THE DATA:
-- Opening Marker --
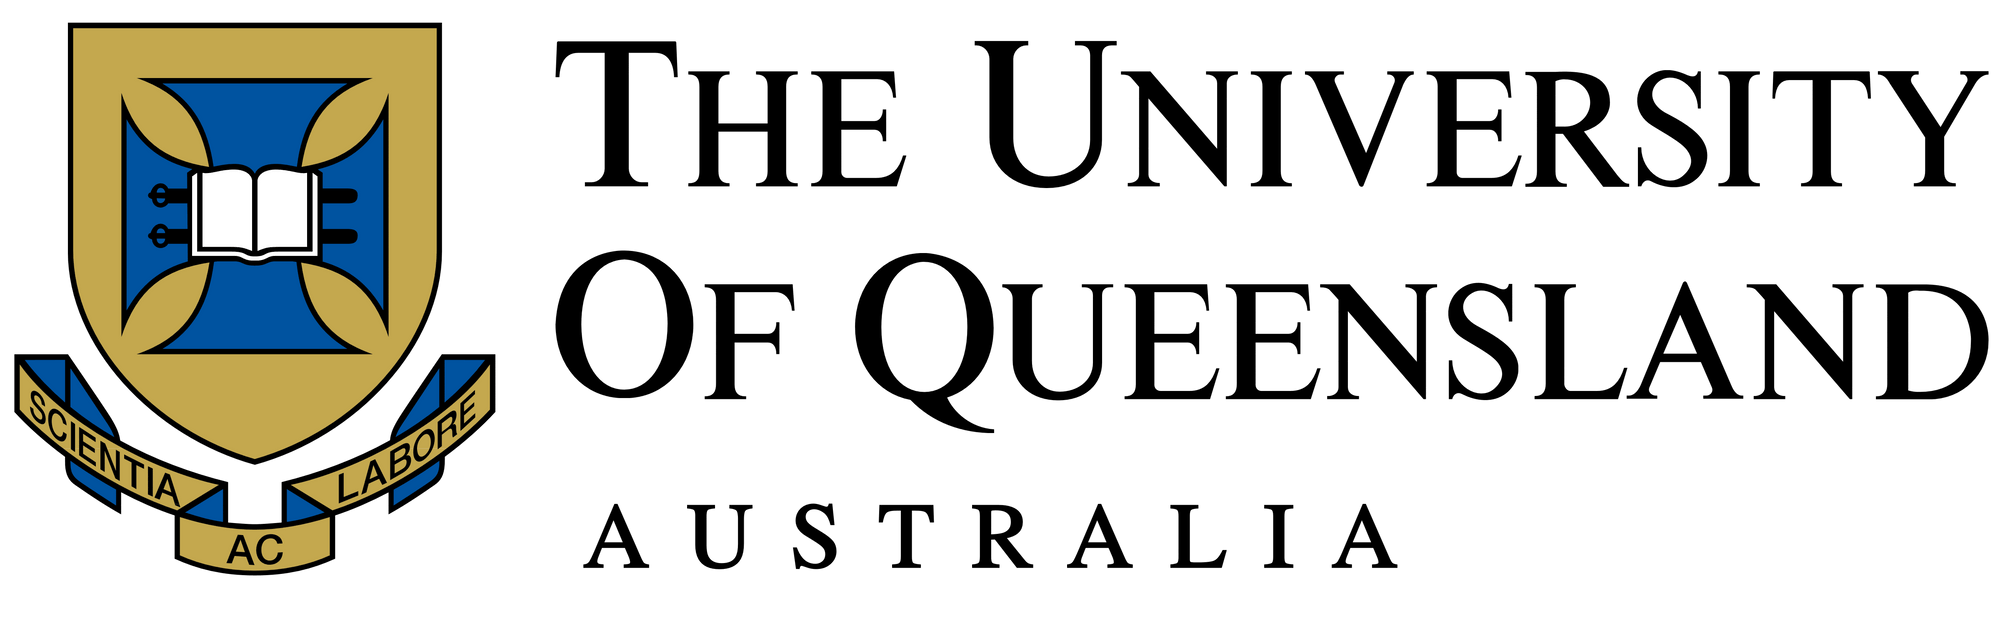 The_University_Of_Queensland_logo_logotype.png
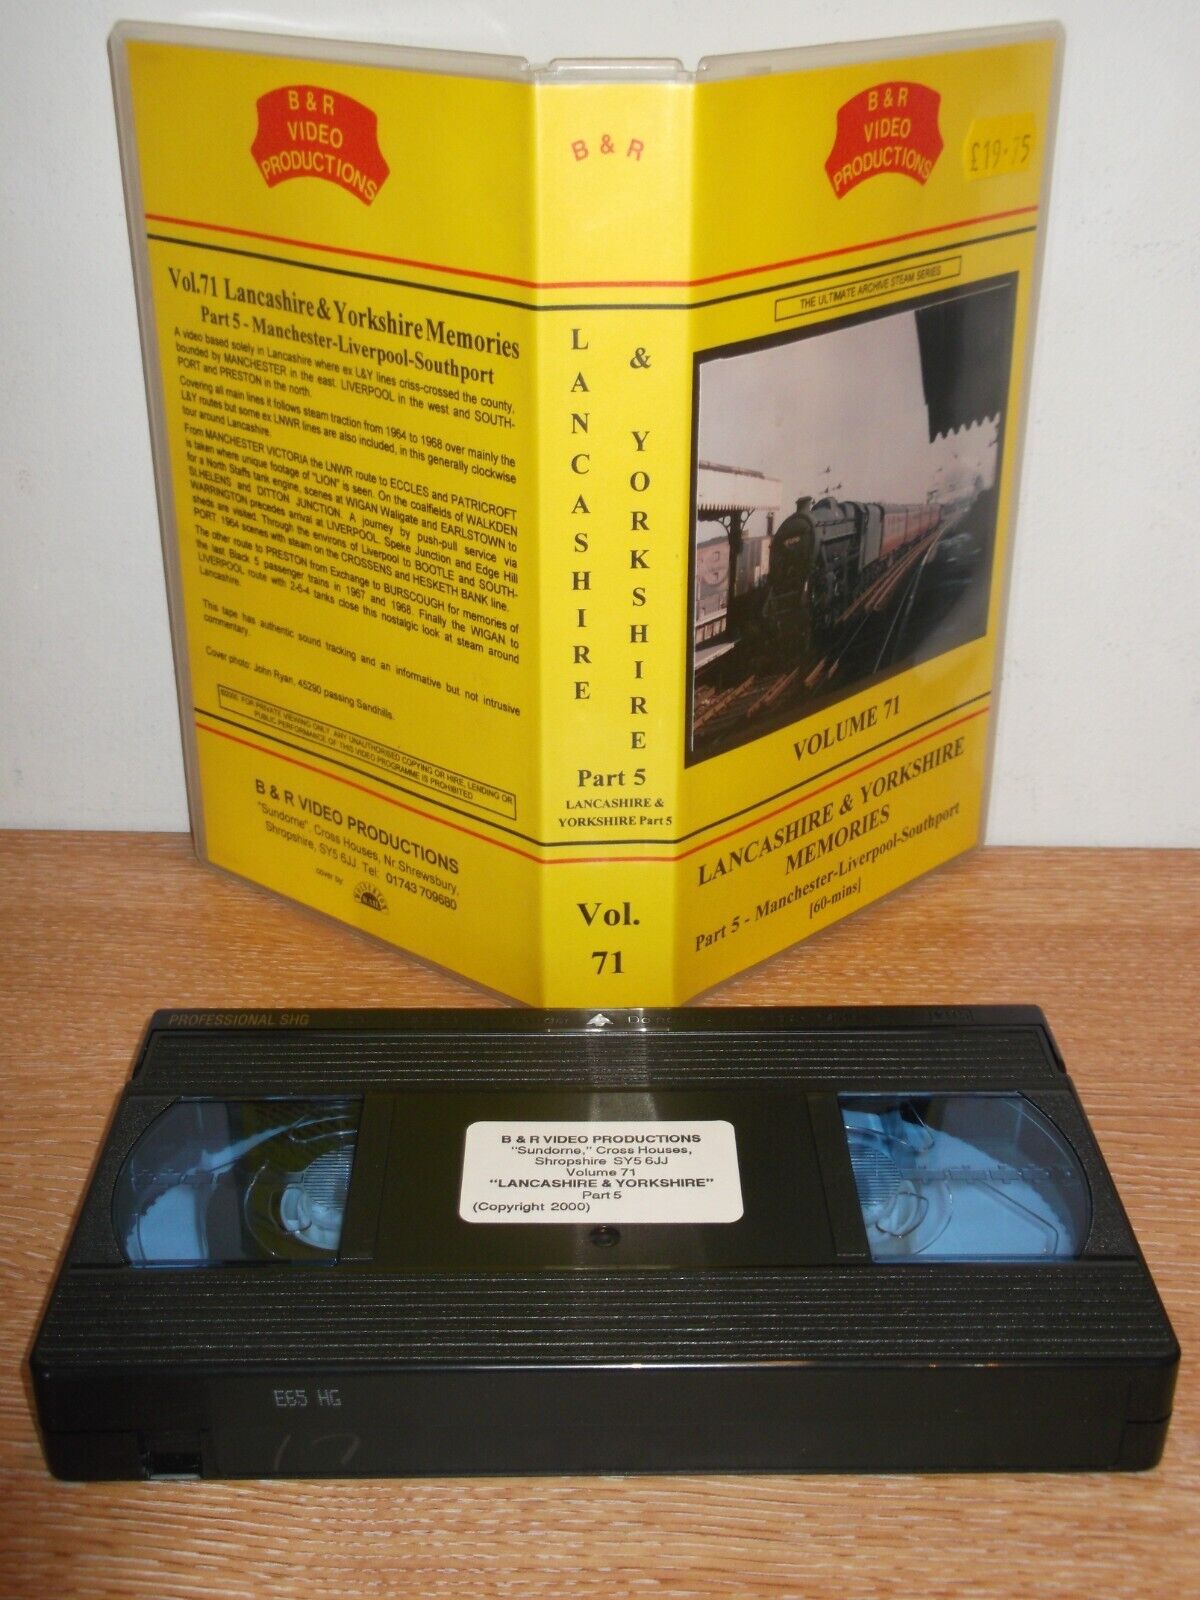 STEAM SERIES - B&R RAILWAYS, LANCASHIRE YORKSHIRE MEMORIES, VOL 71 - VHS VIDEO
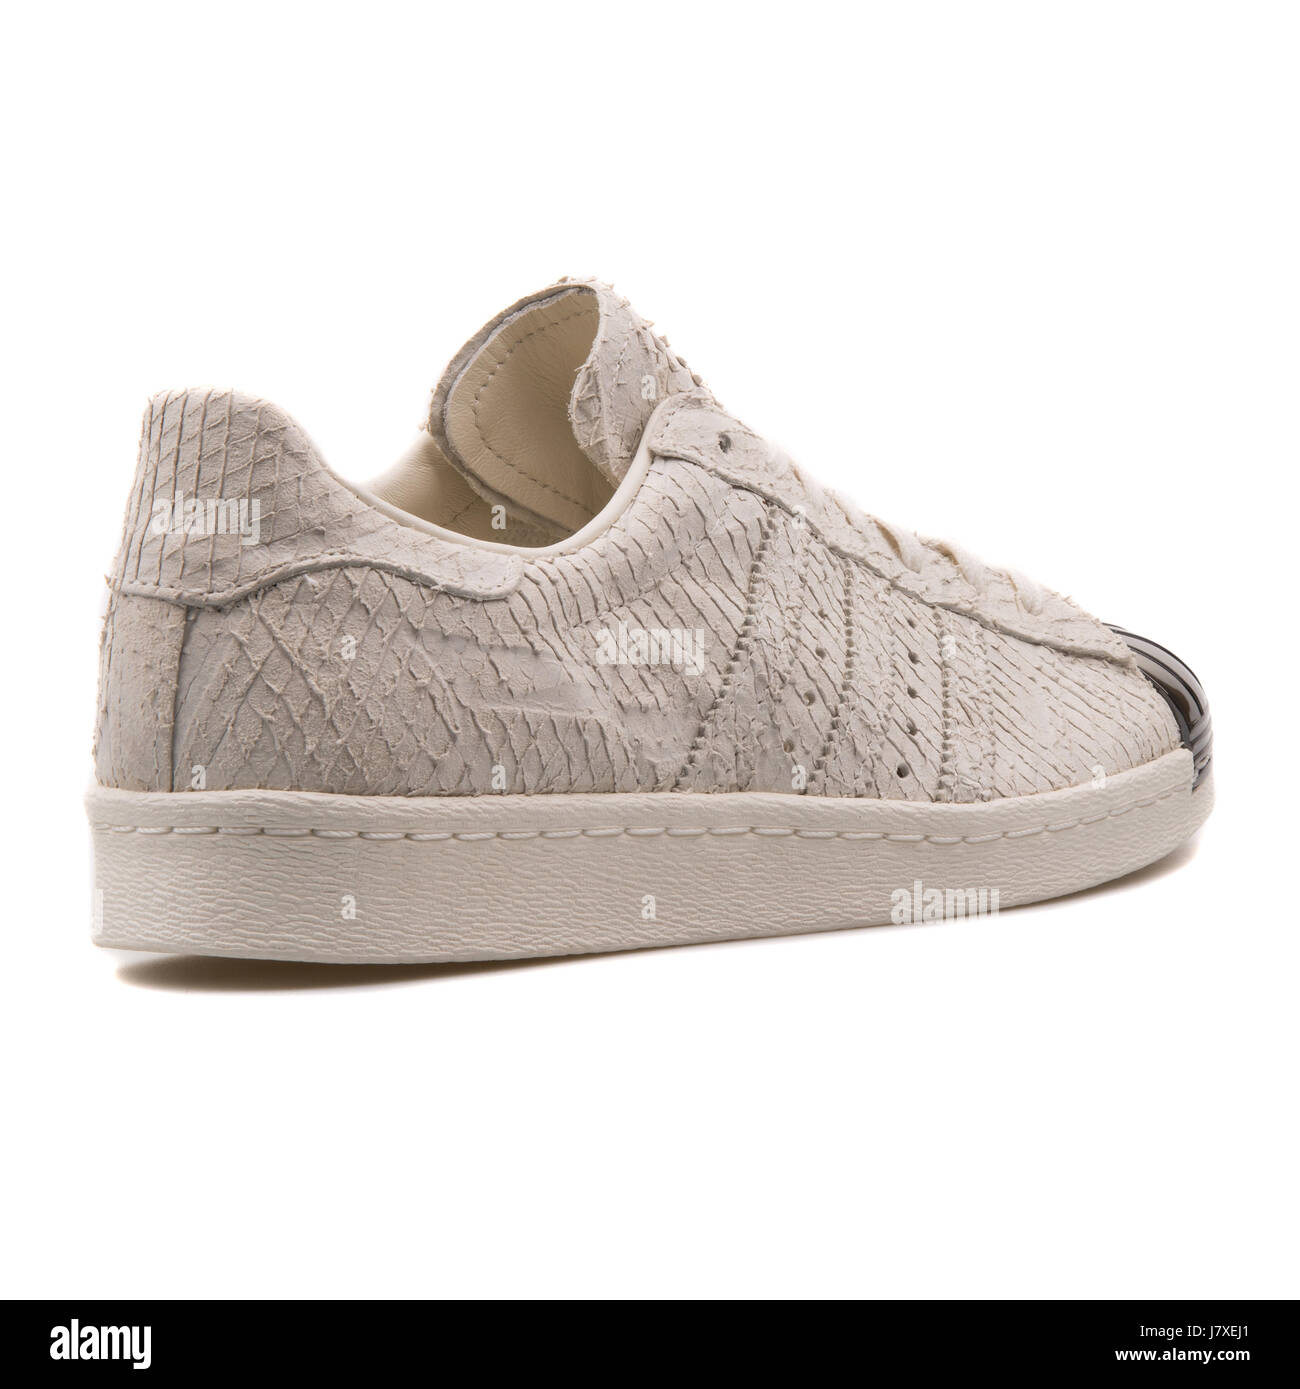 Adidas Superstar 80er Metal Toe W Frauen klassisches weißes Leder mit Snake  Skin Muster Sneakers - S82483 Stockfotografie - Alamy
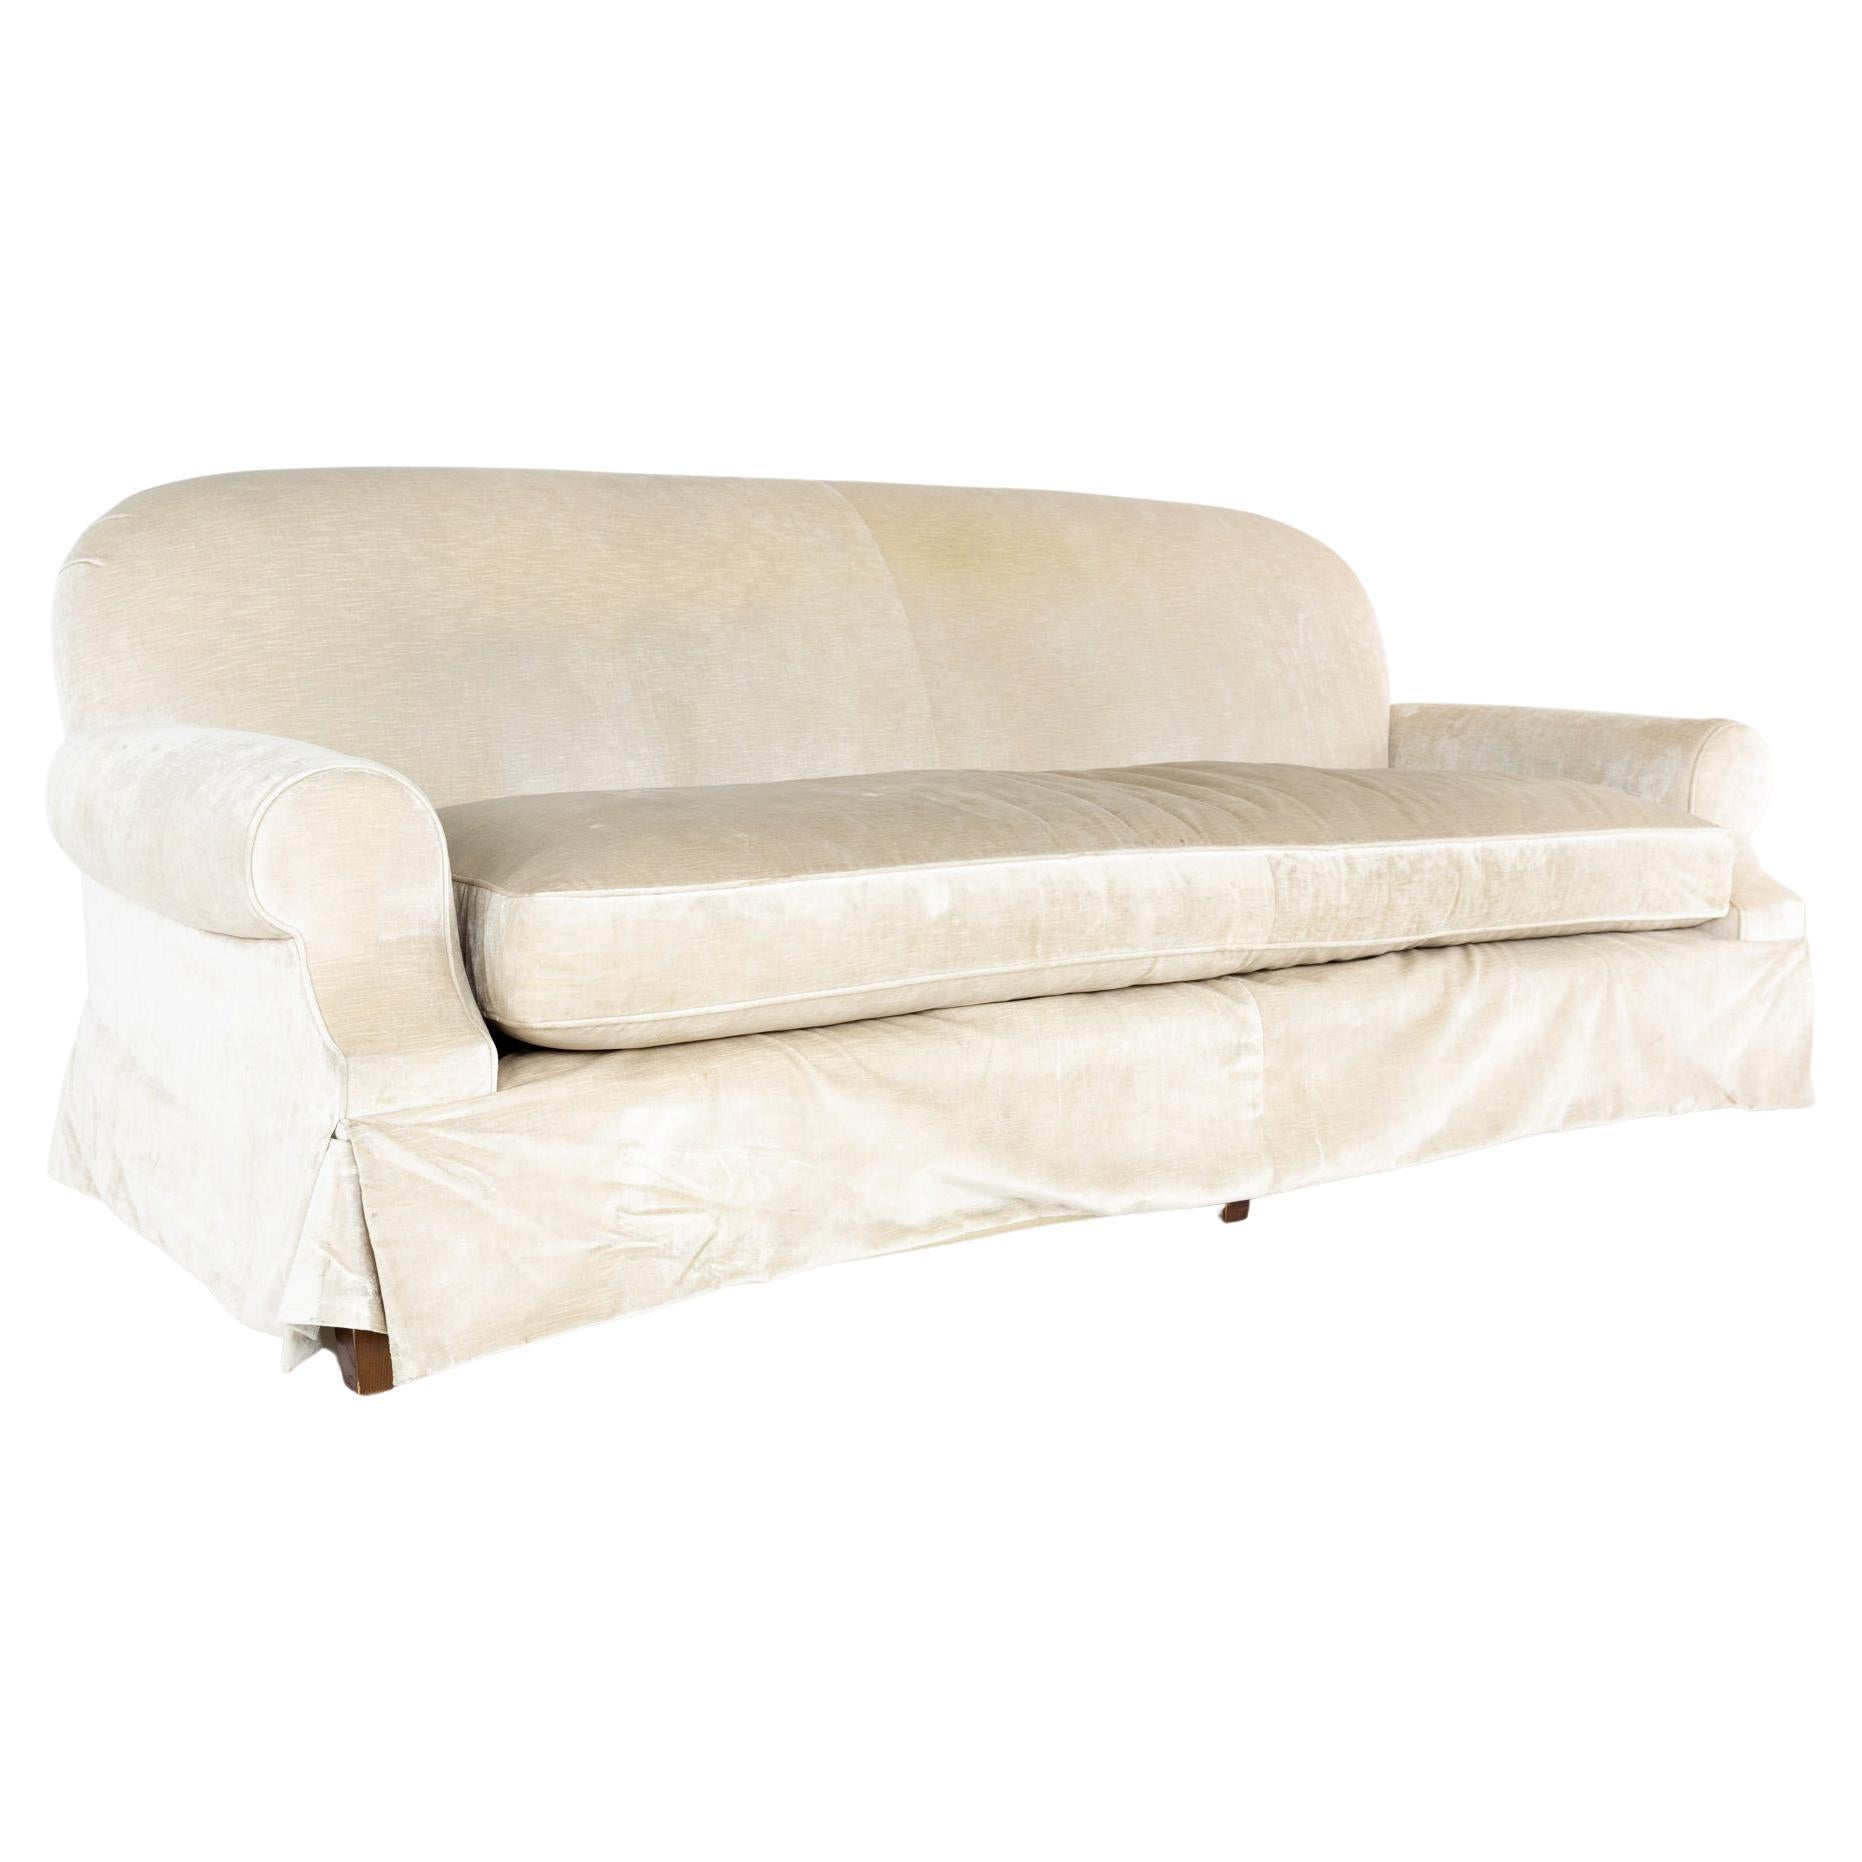 Swaim Contemporary Cream Colored Sofa in Mohair For Sale
-- Closing Marker --
INSTRUCTIONS FOR THE TASK:
Reprint the listing above exactly, without images.

EXERCISE OUTPUT:
 The_University_Of_Queensland_logo_logotype.png
 STEAM SERIES - B&R RAILWAYS, LANCASHIRE YORKSHIRE MEMORIES, VOL 71 - VHS VIDEO
 Adidas Superstar 80er Metal Toe W Frauen klassisches weißes Leder mit Snake  Skin Muster Sneakers - S82483 Stockfotografie - Alamy
 Swaim Contemporary Cream Colored Sofa in Mohair For Sale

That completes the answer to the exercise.